Inflasi semakin parah karena Indonesia bersiap menghadapi biaya transportasi yang membengkak

4 Oktober 2022

JAKARTA – Dewan Gubernur Bank Indonesia (BI) memutuskan pada pertemuan bulanannya minggu lalu untuk menaikkan suku bunga kebijakannya (7-day reverse repo rate atau 7-DRRR) sebesar 50 basis poin menjadi 4,25 persen.

Kenaikan sebesar 50 bps, lebih tinggi dari perkiraan sebagian besar analis yang memperkirakan kenaikan bertahap, sesuai dengan kenaikan sebesar 75 basis poin yang dibuat oleh Federal Reserve AS pada Rabu pagi untuk melawan inflasi.

Ketika Amerika mengalami inflasi yang tinggi, lokomotif ekonomi dunia lainnya, Tiongkok, justru mengalami perlambatan. Munculnya kembali wabah C0VID-19 di Tiongkok telah memaksa pemerintah menutup beberapa pusat produksi besar, yang menyebabkan penurunan produksi dan kenaikan harga.

Negara-negara Eropa terancam krisis energi akibat minimnya pasokan gas dari Rusia. Ada kekhawatiran mengenai resesi ekonomi dan tingginya inflasi global.

Oleh karena itu, keputusan BI untuk menaikkan suku bunga kebijakannya dapat dilihat sebagai langkah yang sudah matang, bersifat preemptif, dan berwawasan ke depan untuk mengatasi tingginya ketidakpastian perekonomian global. Sebagai sistem perekonomian terbuka, Indonesia tentu rentan terhadap faktor eksternal. Kenaikan suku bunga merupakan langkah moneter untuk mengurangi ekspektasi inflasi yang disebabkan oleh dinamika faktor perekonomian global.

Pengendalian inflasi inti merupakan target jangka pendek dari kendala moneter BI karena inflasi inti dan inti diperkirakan akan meningkat akibat dampak putaran kedua kenaikan harga bahan bakar yang terjadi baru-baru ini.

Kenaikan suku bunga kebijakan juga bertujuan untuk memperkuat nilai tukar rupiah sesuai dengan nilai fundamentalnya, sehingga membatasi arus keluar modal (capital outflow) dari saham dan obligasi, sekaligus menarik aliran modal baru untuk memanfaatkan perbedaan suku bunga yang besar.

Cadangan devisa Indonesia turun dari US$144,9 miliar pada akhir tahun 2021 menjadi $132,2 miliar pada Agustus.

Kebijakan pembatasan uang, meskipun menaikkan biaya pinjaman, tidak terlalu mengganggu pemulihan dan pertumbuhan ekonomi. Perekonomian diperkirakan masih tumbuh sebesar 5,4 persen tahun ini, naik signifikan dari 3,7 persen pada tahun 2021.

Mengingat ketidakpastian perekonomian global dan meningkatnya kekhawatiran terhadap peningkatan risiko resesi ekonomi, kenaikan suku bunga kebijakan juga merupakan waktu yang tepat untuk menopang ekspektasi inflasi dan nilai tukar rupiah agar lebih dapat diprediksi.

Prediktabilitas inflasi dan nilai tukar tentu memudahkan pelaku ekonomi dalam mengambil keputusan. Keputusan produsen mengenai usahanya selalu dikaitkan dengan prospek harga jual dan harga input.

Demikian pula perilaku konsumen selalu dipengaruhi oleh keadaan daya belinya, yang selanjutnya dipengaruhi oleh inflasi dan nilai tukar.

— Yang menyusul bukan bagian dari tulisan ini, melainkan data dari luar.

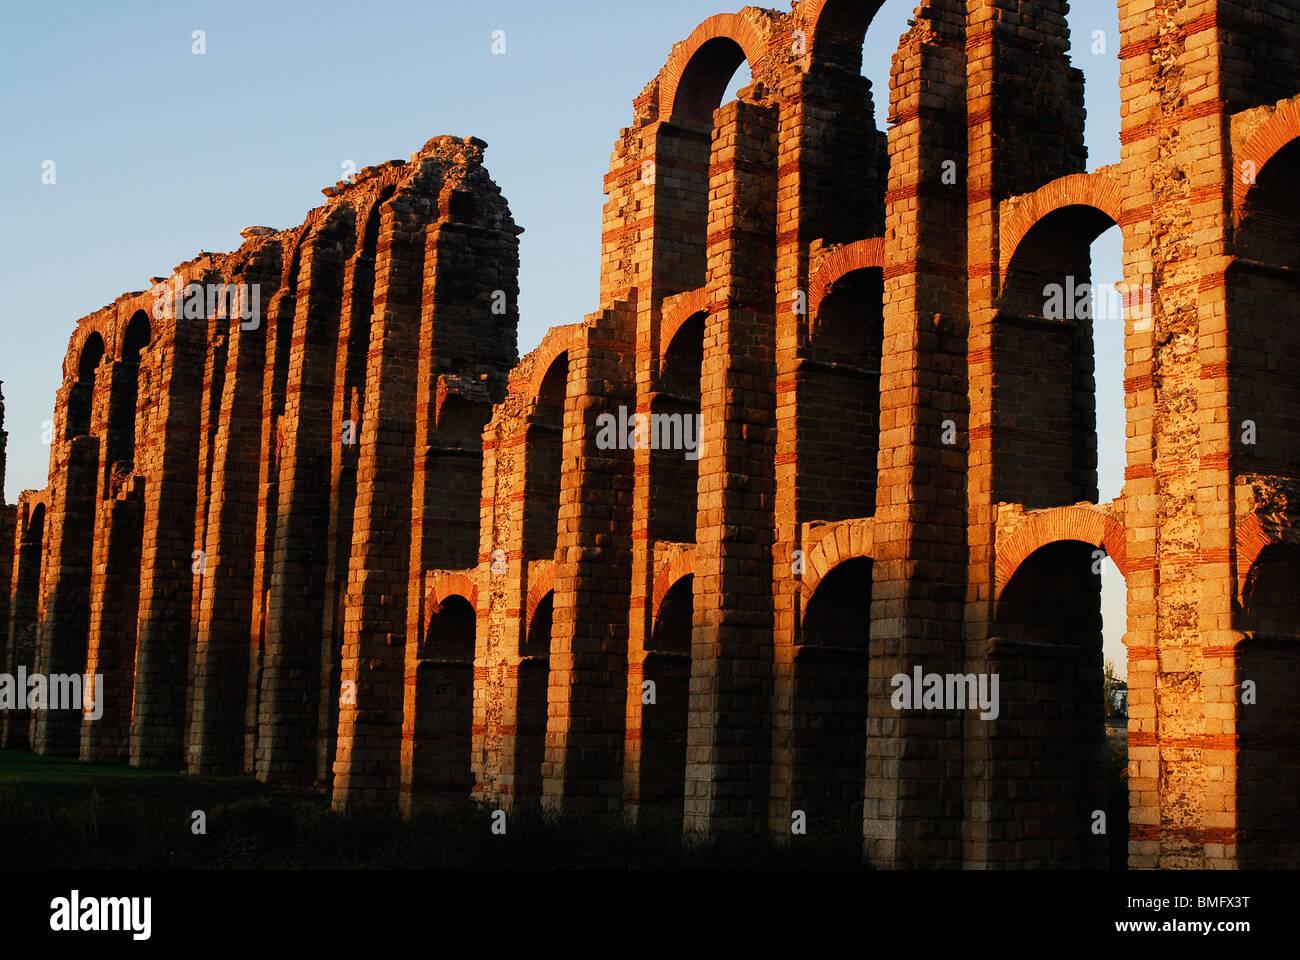 Acueducto Romano de los Milagros. Merida. Extremadura, España. Roman Aqueduct of The Miracles. Merida. Extremadura. - Stock Image

Kombinasi aktivitas produsen dan konsumen menentukan pertumbuhan ekonomi.

Oleh karena itu, kunci menjaga stabilitas (inflasi dan nilai tukar) serta pemulihan ekonomi terletak pada kepercayaan seluruh pelaku ekonomi. Pada akhirnya, stabilitas dan pertumbuhan saling mendukung.

***

Penulis adalah Guru Besar Ilmu Ekonomi pada Fakultas Ekonomi Universitas Negeri Jakarta dan Direktur Penelitian pada Lembaga Sosial Ekonomi dan Bisnis Pendidikan (SEEBI).